Seth Cohen aveva passato l’intero pomeriggio davanti all’armadio della madre. 
I suoi piccoli occhietti azzurri guardavano con bramosia il ripiano più in alto, zeppo di scatole di scarpe e vecchi scatoloni marroni strappati, mentre la sua mente studiava un piano ingegnoso per riuscire ad arrivarci. 
Prevedibilmente, l’interesse di Seth non erano le scarpe della madre né gli scatoloni sgangherati; lui sapeva che sopra le scatole di scarpe la mamma conservava una vecchia foca di pezza, grande quanto la mano del papà e bianca come la neve. 
Si chiamava Spassky, il nome glielo aveva dato Kirsten, al college, ma Seth non sapeva nient’altro, solo che non poteva giocarci. 
« Non è un giocattolo » gli ripeteva Kirsten, ogni volta che lui andava a chiederle di prendere Spassky. 
E quella risposta aveva il potere di scatenare tutta l’irriverenza di Seth: non gli piacevano le bugie e quella della mamma lo era. 
Spassky era un peluche. I peluche erano giocattoli. 
Così lo faceva notare anche a lei, puntando i piedini scalzi sul pavimento mentre stringeva le mani sui fianchi. 
« Spassky è un pupazzo » diceva e il tono severo con cui lo puntualizzava riusciva sempre a far sorridere la sua mamma. 
« Hai ragione, è un pupazzo, ma non serve per giocare. »
« E per cosa serve? »
A quel punto Kirsten faceva una cosa strana, che Seth non riusciva a decifrare. Gli sorrideva come se lui le avesse detto qualcosa di dolcissimo o come quando il papà tornava a casa con i suoi fiori preferiti, poi lo prendeva in braccio e gli dava un bacio sulla guancia - quei baci che lui avevaseveramentevietato perché non era più un bambino di tre anni. 
« È un ricordo e non voglio che si rovini » finiva con il spiegare. 
Ma Seth non era convinto, lui voleva Spassky e il fatto che non potesse averlo, lo rendeva ancora più desiderabile. Un’ossessione, quasi. 

Quel pomeriggio, però, si era presentata l’occasione perfetta: la mamma era dovuta restare a lavoro per qualche problema con il nonno e il papà era in cucina, intento ad avviare la preparazione della cena. 
Seth gli aveva detto che sarebbe stato in cameretta a giocare con capitan Avena, il suo cavallo di plastica, così Sandy non avrebbe intralciato le sue mille macchinazioni per scalare l’armadio. 

Ne aveva già provate molte, il piccolo Seth.
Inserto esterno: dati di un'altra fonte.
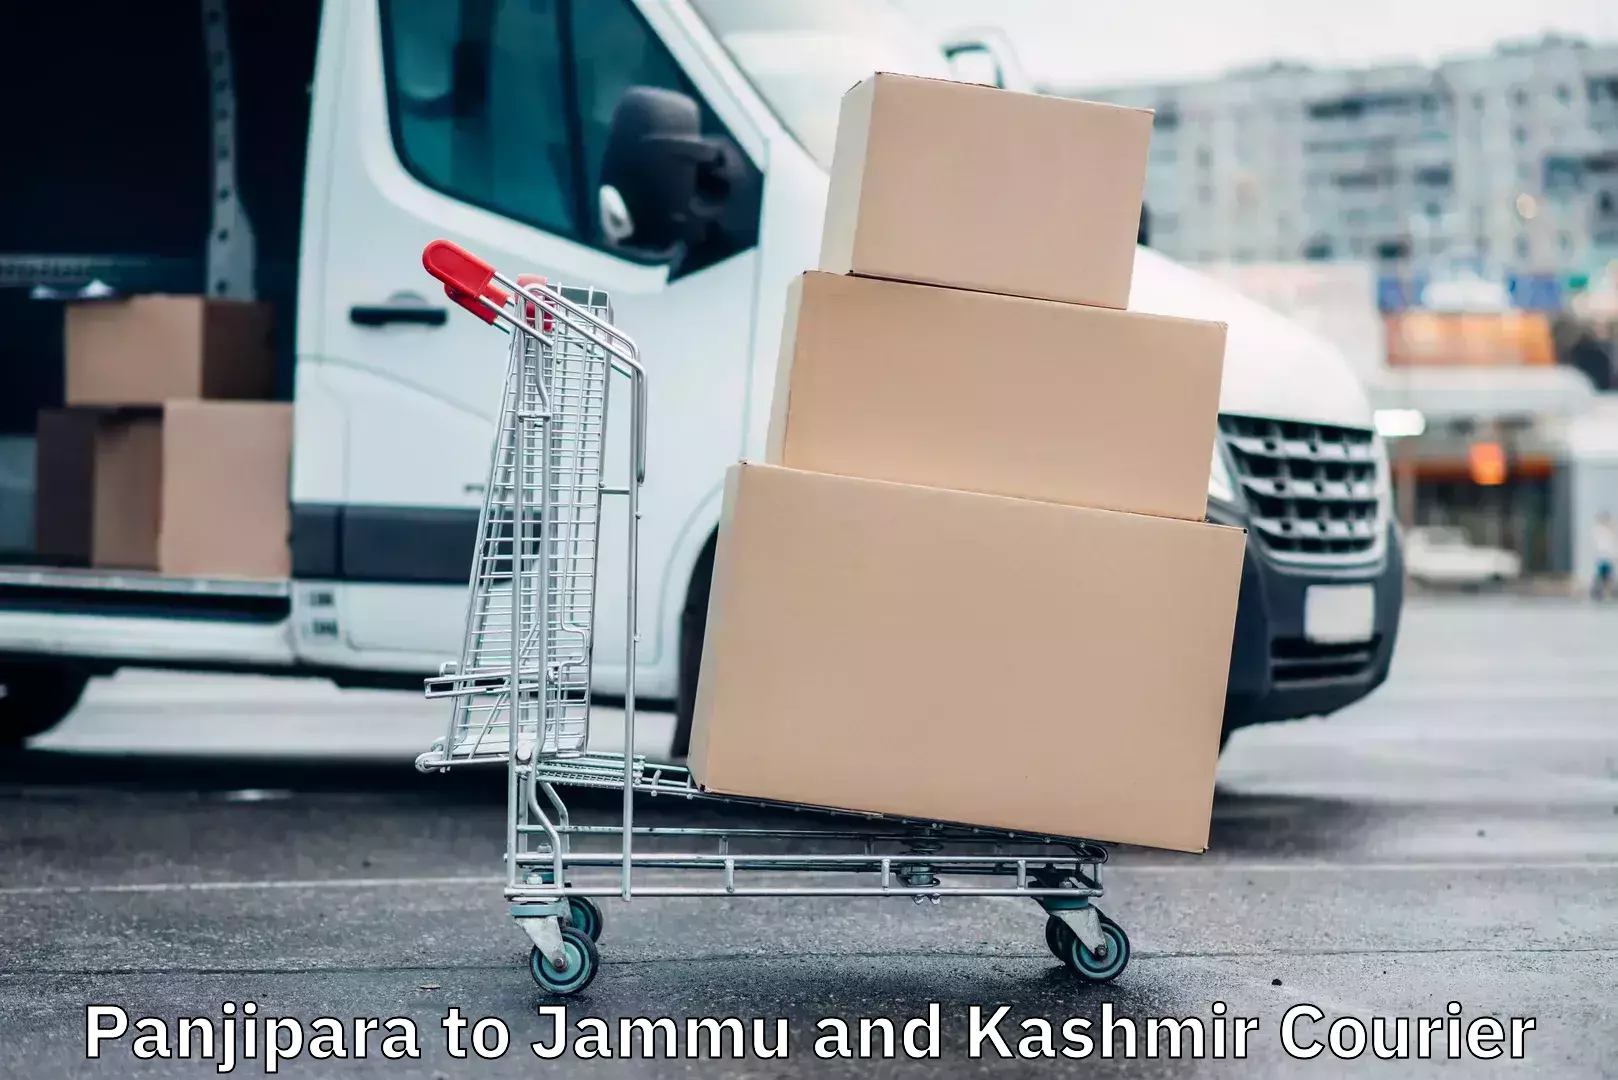 Logistics service provider Panjipara to Jammu and Kashmir

Aveva provato a lanciare le scarpe del papà, ma aveva colpito lo scatolone; aveva provato con il bastone con cui la mamma appendeva gli abiti, ma Spassky era incastrato; aveva provato, anche, a salire sulla sedia e mettersi in punta di piedi, ma era ancora troppo basso. Così, l’unica cosa ragionevole da fare gli sembrò quella di raccattare quanti più libri poteva dalla camera e sistemarli sulla sedia. Fece una piccola colonna, di quatto o cinque libri, abbastanza spessi da sembrare stabili, poi ci salì sopra, portandosi dietro il bastone che aveva usato poco prima. 
In punta di piedi, armeggiando con bastone e manine, finalmente qualcosa si mosse, forse una scatola o un impedimento che non vedeva, e Spassky cadde a terra. 
Era fatta! Aveva vinto lui e ora poteva giocare. 

Afferrò Spassky con una mano e corse via, lasciando la camera da letto dei suoi genitori nel disordine che aveva creato; avrebbe rimesso in ordine più tardi, quando, finito di giocare, avrebbe dovuto coprire le tracce della sua conquista e fingere che quella non fosse mai avvenuta. 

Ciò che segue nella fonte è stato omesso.